- The Washington Times - Sunday, October 23, 2005

The rebellion by prominent conservatives against the president’s nomination of Harriet Miers to the Supreme Court has included charges of “cronyism and a now clearly mistaken desire to avoid a blistering confirmation fight in the Senate. Also at issue are not her qualifications as a lawyer but her track record, if any, of constitutional expertise. Meanwhile, Democratic Sen. Charles Schumer of New York, enjoying this Republican civil war, purrs, “It could have been worse.

But syndicated columnist George Will, an independent conservative — in his scathing column, “Can This Nomination Be Justified?” — cut to the core of the president’s misjudgment: “He has neither the inclination nor the ability to make sophisticated judgments about competing approaches to construing the Constitution. Few presidents acquire such abilities in the course of their pre-presidential careers, and this president particularly is not disposed to such reflections.”

On the basis of the Bush administration’s revisions of the Bill of Rights in the Patriot Act — which include allowing the FBI to write its own subpoenas in national security letters without judicial supervision — I think it is fair to say the president is not an engaged student of the Constitution.

I doubt that his current bedtime reading includes the remarkably lucid and comprehensive”America’s Constitution: A Biography” by Yale University law professor Akhil Reed Amar or his previous book, “The Bill of Rights: Creation and Reconstruction.” As Harvard law professor Alan Dershowitz says of this chronicler of our national identity, “he writes like Jefferson, thinks like Madison, and speaks like Lincoln.”

If I had my own philanthropic foundation, I would send a copy of “America’s Constitution” to every member of Congress. And in light of Senate Judiciary Committee ChairmanArlen Specter’s advice to Miss Miers — “She needs a crash course in constitutional law” — the White House would be well-advised to provide her with both of Mr. Amar’s books.

As for the “cronyism” complaint about this nomination, Lionel Barber underlined its merit when he turned to an 18th-century guide to the intentions of the framers of the Constitution — the Federalist Papers. Referring to one of Alexander Hamilton’s contributions to the Federalist Papers concerning the Senate’s advice-and-consent role in federal judicial nominations, Mr. Barber wrote:

“Hamilton said Senate confirmation would be an excellent check against a ‘spirit of favouritism’ in the President. And he warned against candidates who came from the same state, those who were ‘personally allied’ to the president or whose pliancy would render them ‘obsequious instruments of his pleasure.’”

The greatest gaffe done so far by those whom the White House appointed to defend the Miers’ nomination was by former Sen.
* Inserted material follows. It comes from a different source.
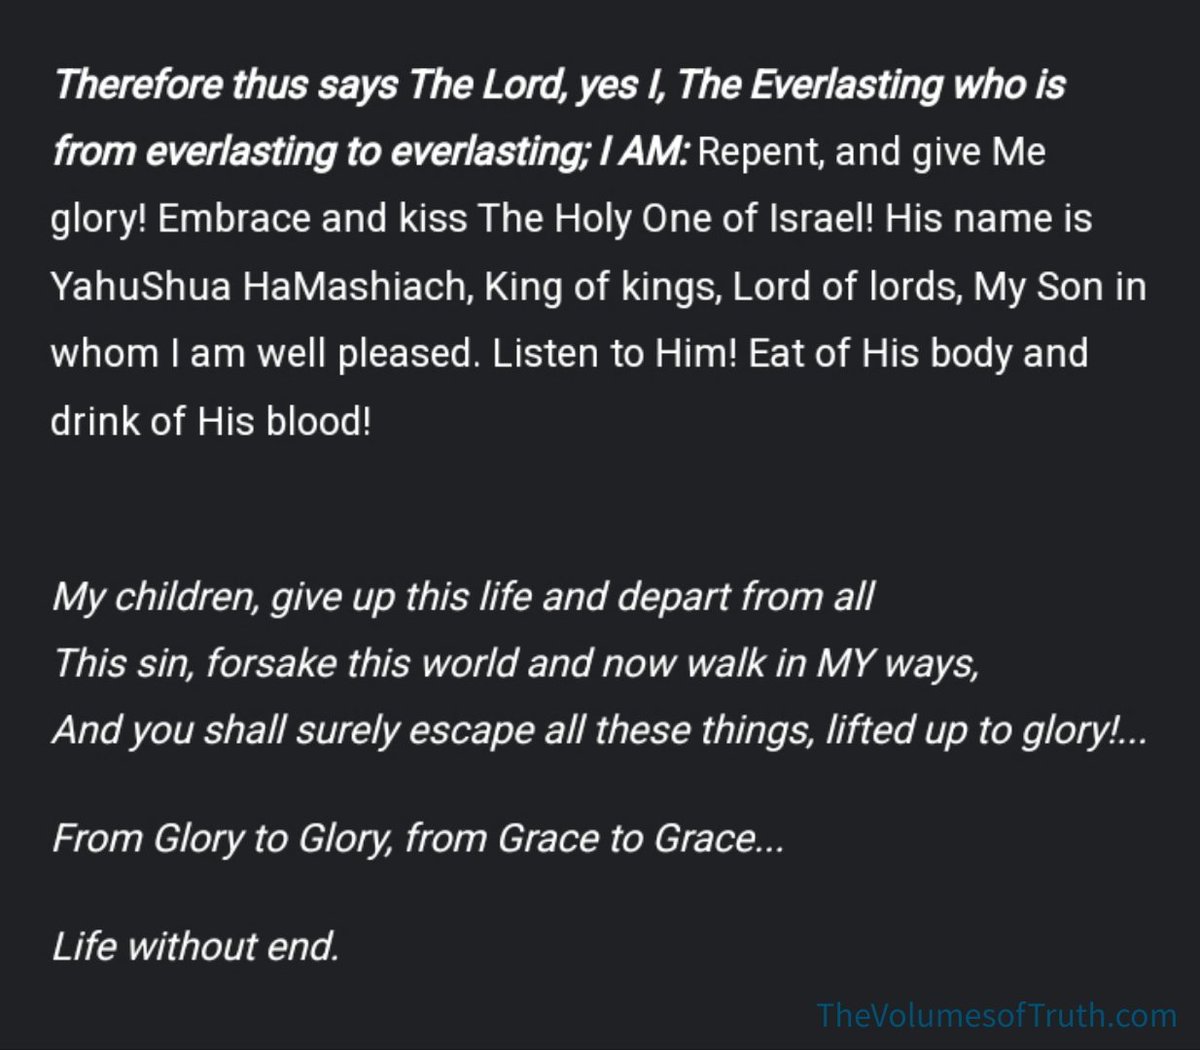 📖 Excerpt from: thevolumesoftruth.com/A_Day_of_Thick…

#thussaysthelord #Everlasting #IAM #repent #glory #embrace #kiss #TheHolyOneofIsrael #YahuShua #HaMashiach #Jesus #TheChrist #TheMessiah #kingofkings #lordoflords #SonofGod #life #depart #sin #forsake #world #escape #rapture #grace

Dan Coats, who is in charge of navigating the nominee through the confirmation process. In answer to those critics claiming Miss Miers lacks the recently demonstrated constitutional knowledge of John Roberts, Mr. Coats guaranteed himself a footnote in future studies of nominations to the Supreme Court by saying:

“If great intellectual powerhouse is a qualification to be a member of the court and represent the American people, and the wishes of the American people, and to interpret the Constitution, I think we have a court so skewed on the intellectual side that we may not be getting representation of the American people as a whole.”

I rather doubt that the current Supreme Court is that heavily skewed toward intellectual firepower — compared to Louis Brandeis and Hugo Black — but Mr. Coats’ odd tribute to Harriet Miers inevitably led to commentators of a certain age resurrecting the famous quote of the late Republican senator from Nebraska, Roman Hruska, who defended President Nixon’s nomination of Judge Harrold Carswell (rejected by the Senate). Mr. Hruska said, “Even if he is mediocre, there are a lot of mediocre judges and people and lawyers. They are entitled to a little representation, aren’t they, and a little chance?”

I agree with the conservative criticism that if the president had nominated a highly qualified conservative to the Supreme Court, this would have been “a teaching moment,” creating a badly needed national educational debate on the Constitution itself. But, alas, this moment only reveals, once more, that the president himself needs a crash course on the Constitution — and on the qualifications of those on the Supreme Court who have the heavy responsibility of interpreting it.